Where to go for advice depends on whether you want to sand resin or bend metal and pop rivets. For small changes that don't affect vehicle safety, I'd be inclined to recommend aluminum and either screws & nuts or blind rivets. I'm not a serious fabricator, and in any case am poor at giving such advice when I can't "see" the project. You would do well to find someone locally who is and discuss your project over a couple of beers.


----------



## EV480lution (Oct 4, 2010)

Hi Pholly,
To give you an idea of what I intend to do, an example can be found here. Although I won't be doing something that extreme, what he did in the trunk is interesting and corroborates what you said about aluminium and rivets. But I was just curious to know about any rule of thumb to appreciate the true impact on structural strength of cutting out significant body panels. The basic reason for asking is that engineers spent quite some time and money designing cars and I don't want to pretend I'm a smart aleck who can rethink the whole thing ruthlessly as if there wouldn't be any impact. I think this would be minor but how can I make sure it is?


----------



## etischer (Jun 16, 2008)

Here is my under the car rack. Make sure it doesn't wiggle, I had to add some diagonal braces to make it more rigid. 

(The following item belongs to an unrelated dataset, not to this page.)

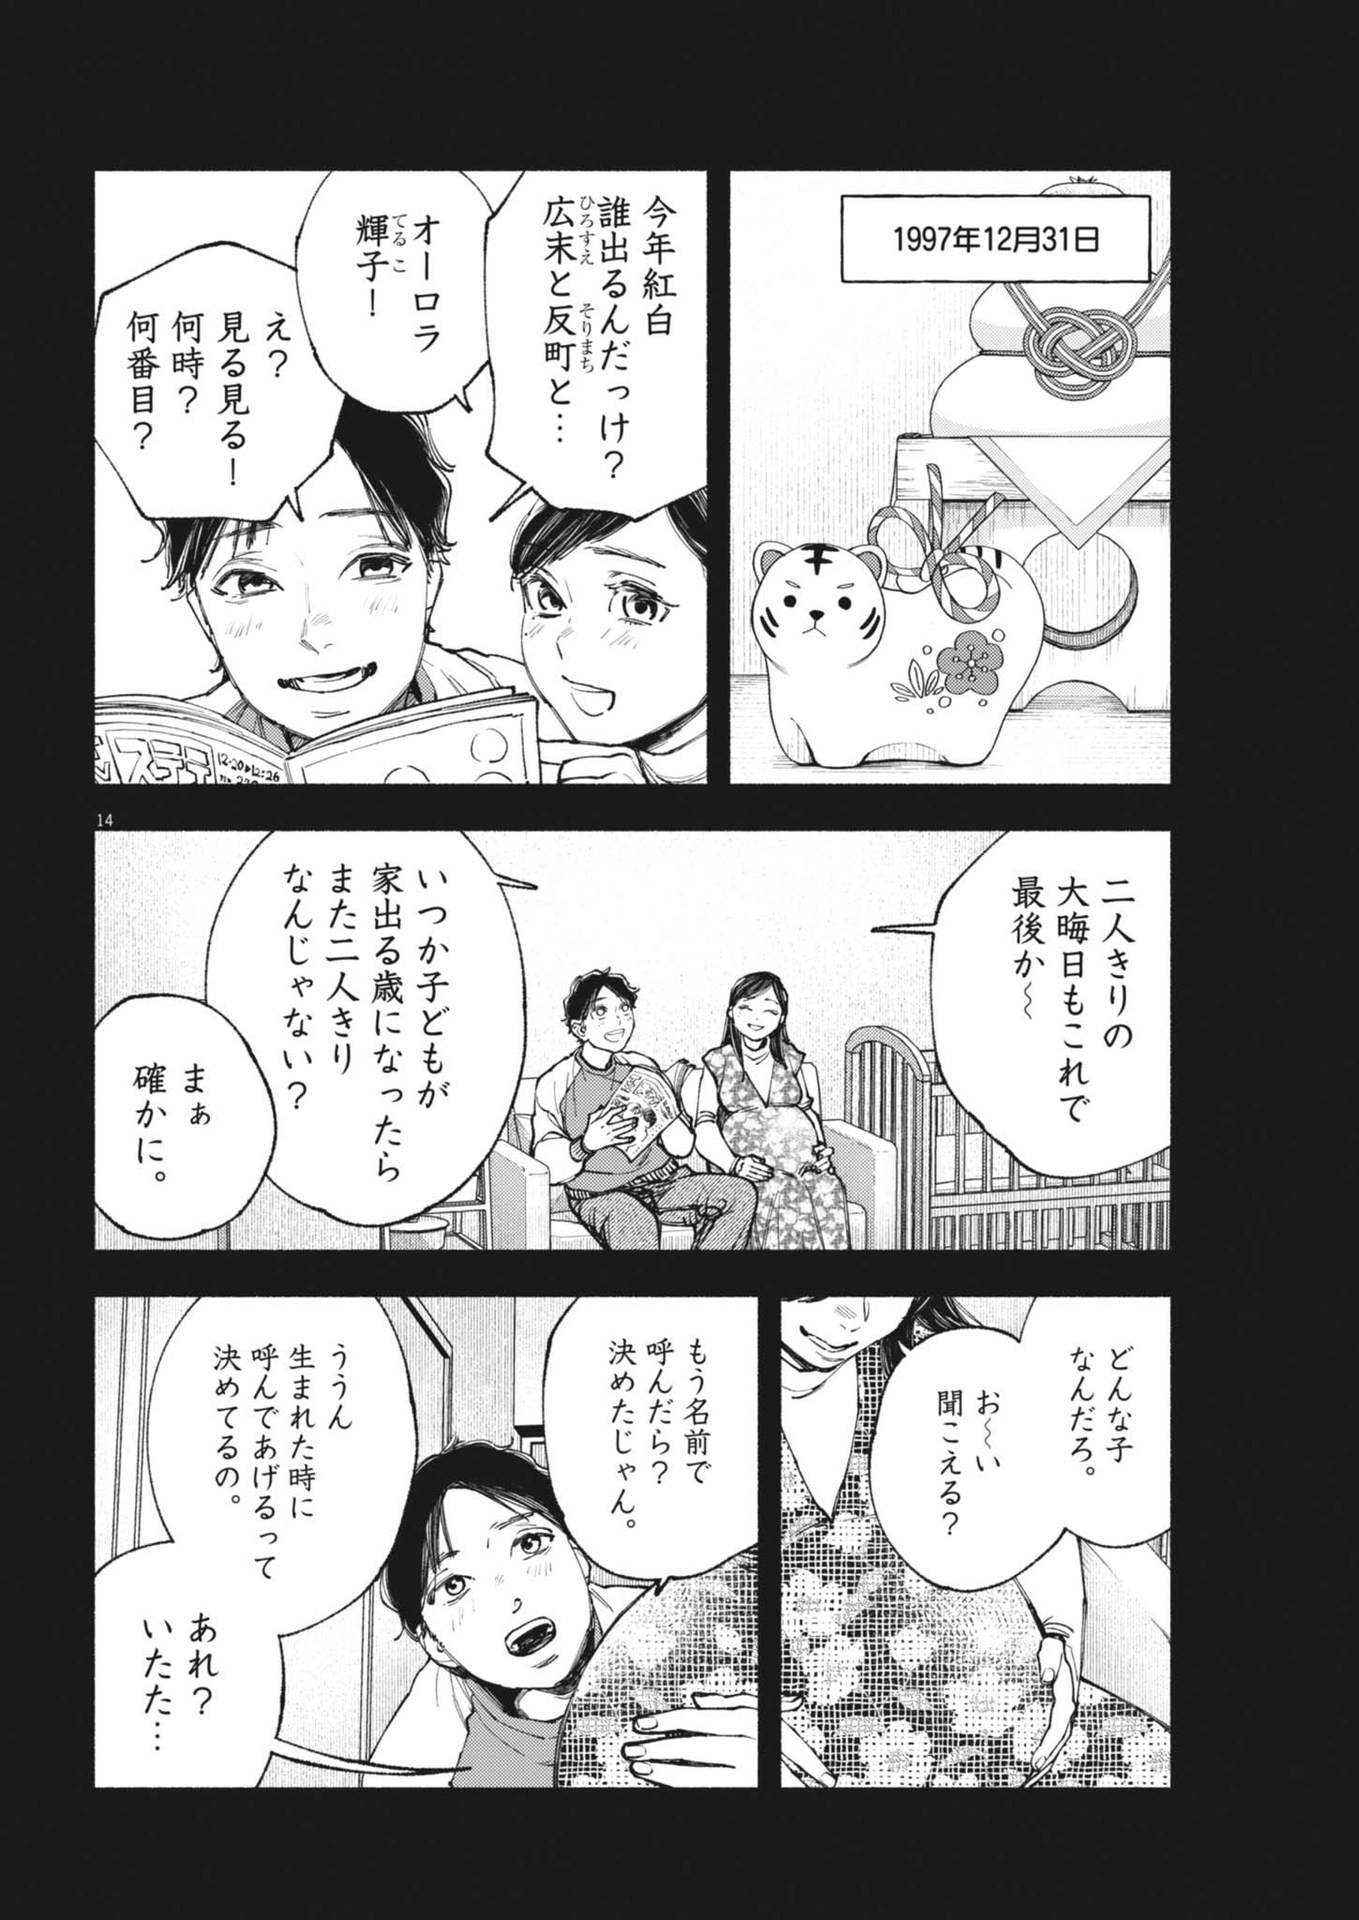 Konoyo wa Tatakau Kachi ga Aru  - Chapter 26 - Page 14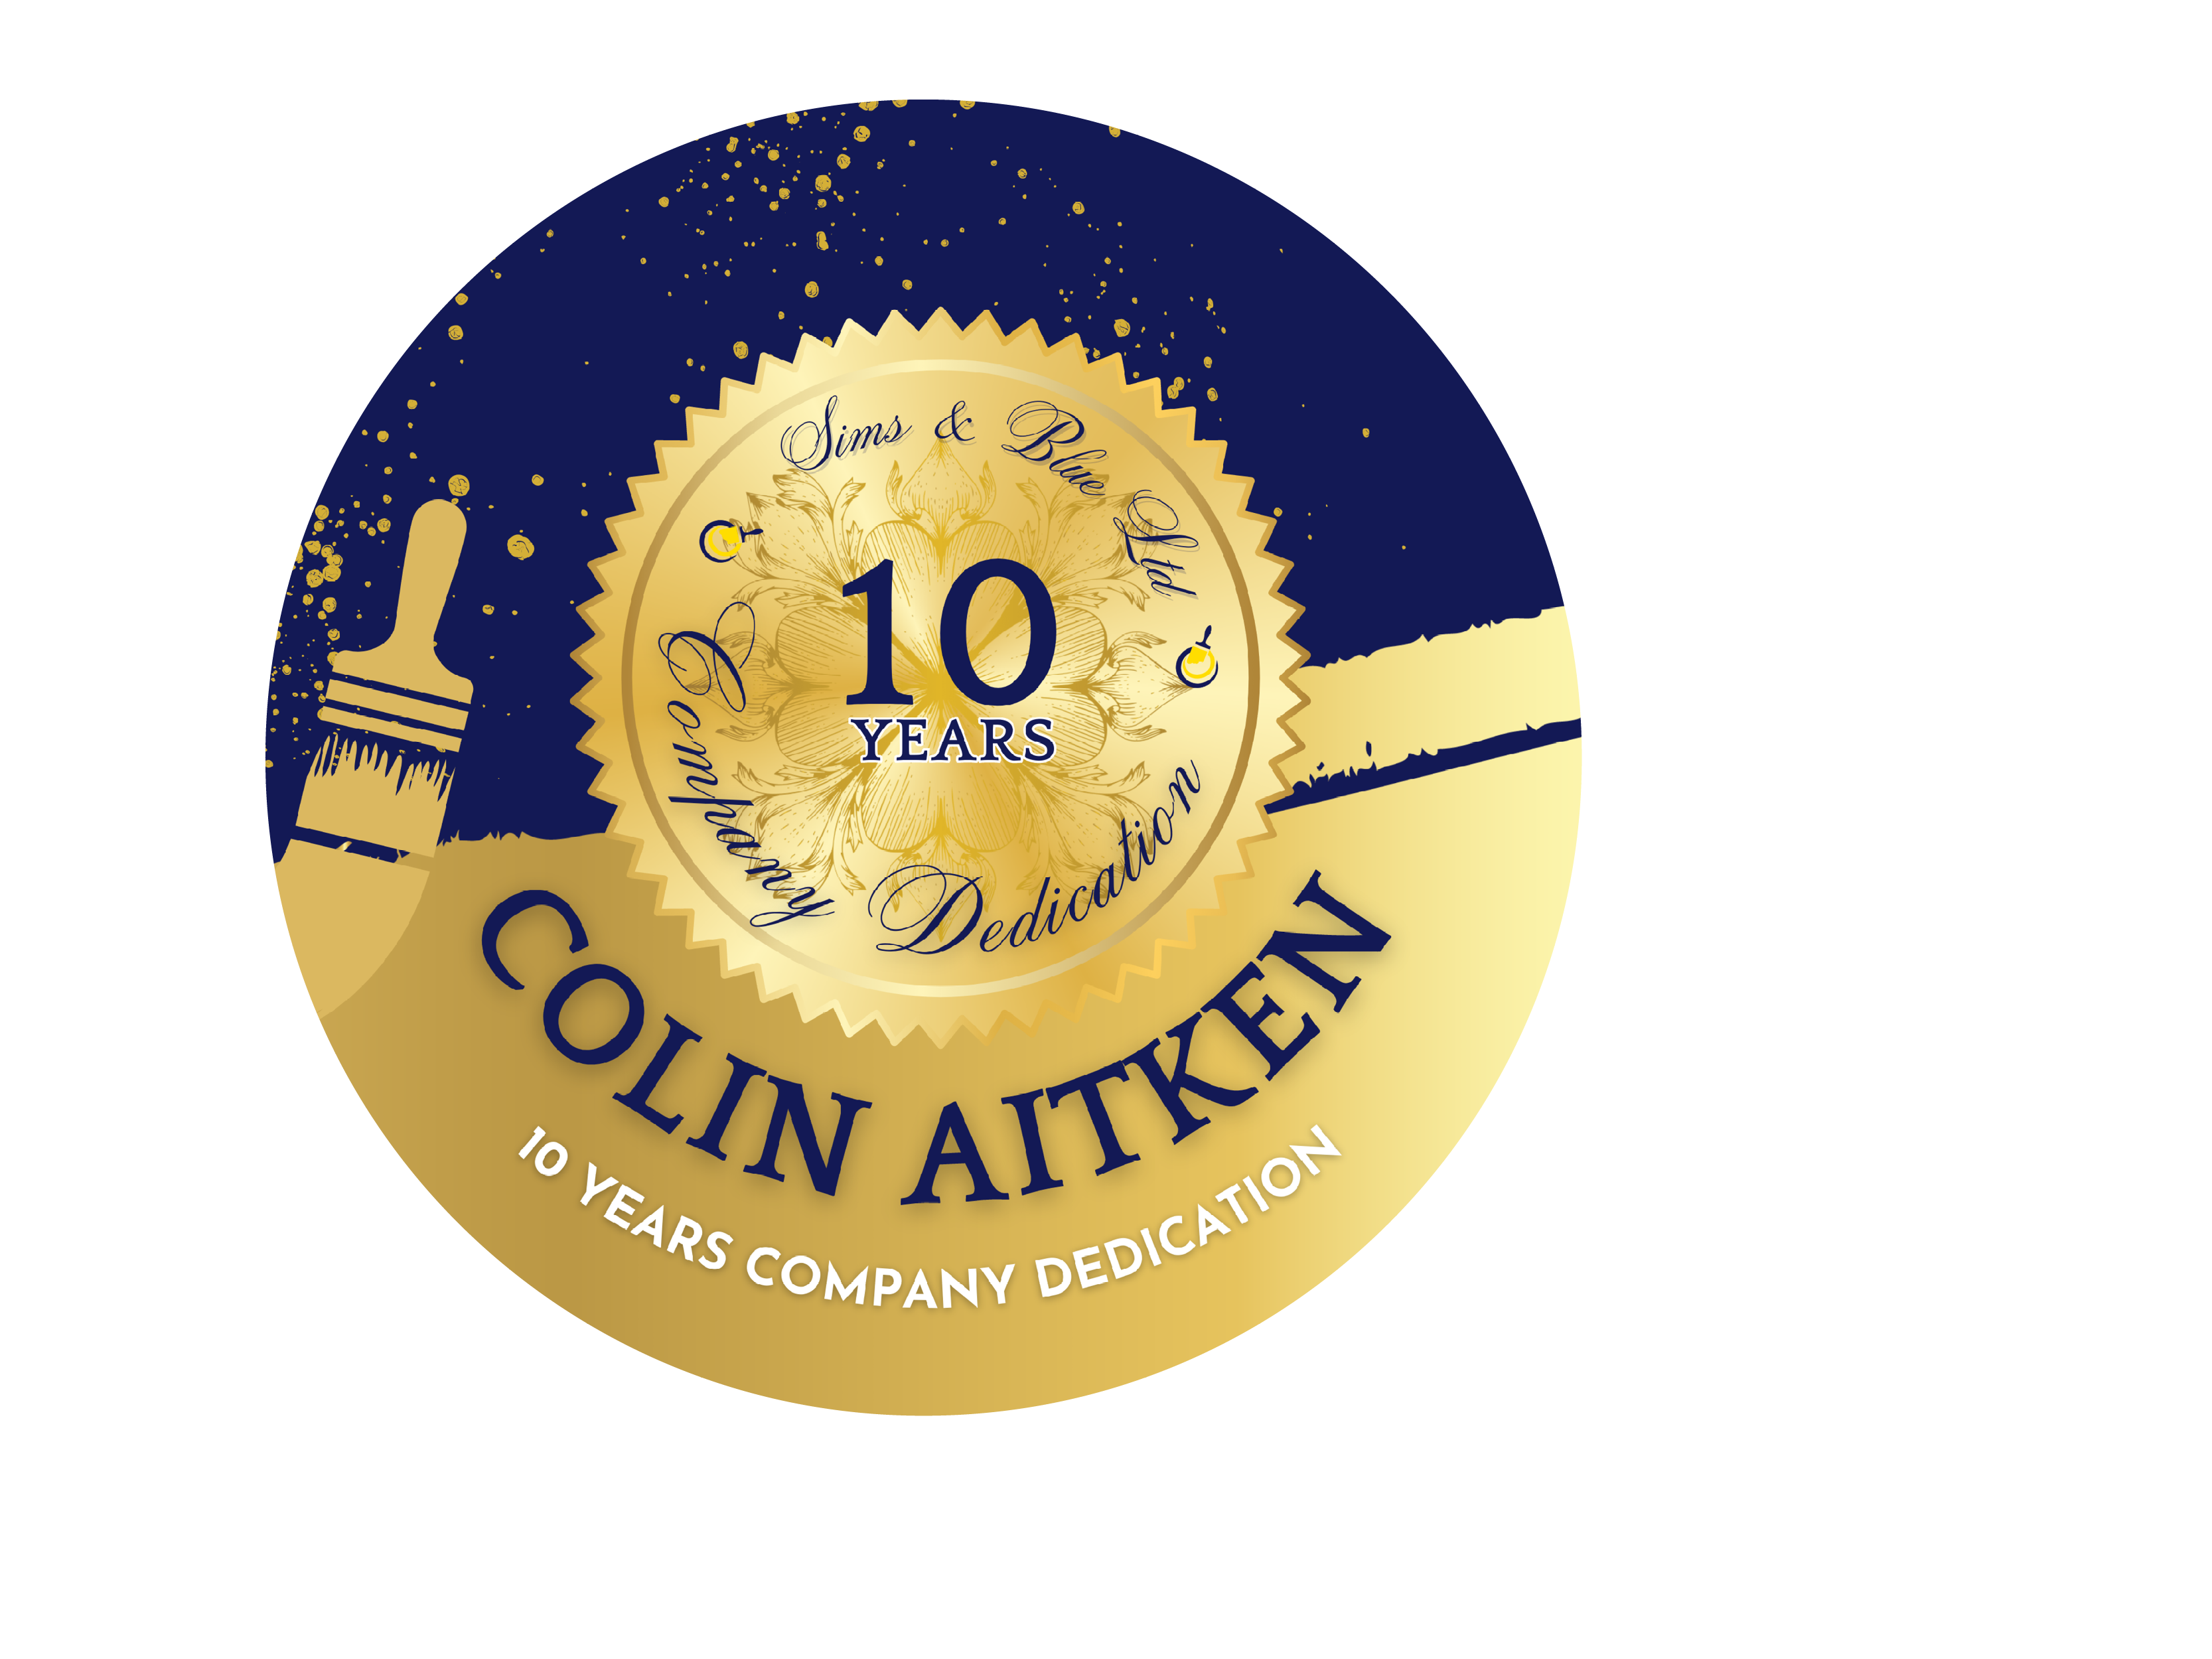 2022 Company Award, 10 Years Company Dedication, Colin Aitken

The top of this rack bolts to the bottom of the rack inside the car. 


Pictures early on of the construction:


----------



## LithiumaniacsEVRacing (Oct 9, 2010)

Nice work! We are installing aluminum boxes in place of the fuel tanks. We are creating an edging on the top edge of the box which holds the box from dropping. This edge must be sealed and bolted to the original body structure. In most cases in uni-body style frames you must replace what you remove. If not your body/frame may twist under high torque. I will post pictures soon.



etischer said:


> Here is my under the car rack. Make sure it doesn't wiggle, I had to add some diagonal braces to make it more rigid.
> 
> 
> 
> ...


----------



## EV480lution (Oct 4, 2010)

Etischer: that's a sweet example of option number 1. Thanks for sharing. I may not have as much vertical clearance as you seem to have though... Are these TS 90AH?
LithiumManiacs: I can't wait to see the pics


----------



## PatricioIN (Jun 13, 2008)

I don't think it's that big of a deal unless you plan to do baja races with it. If the frame of the battery box is solid, and it is solidly attached to the car, then you've added back the structure - maybe even more. Here are pics of what I did in my trunk to keep pretty much all the original storage capacity:


----------



## PatricioIN (Jun 13, 2008)

Obviously I cut between the unibody frame rails that run to the back end of the car and bumper. You want to make sure you're not cutting through any brake lines by accident! Oops. Once you remove the exhaust, there is a surprising amount of real estate for the spare tire well in most cars. Carrying a can of "fix a flat" and roadside assistance on your insurance is usually fine protection, especially since these are around-town commuters.


----------



## EV480lution (Oct 4, 2010)

Good lord, that's exactly what I'm after. Thanks for that! And you even packed it with Lead-Acid!  Must be pretty tough stuff.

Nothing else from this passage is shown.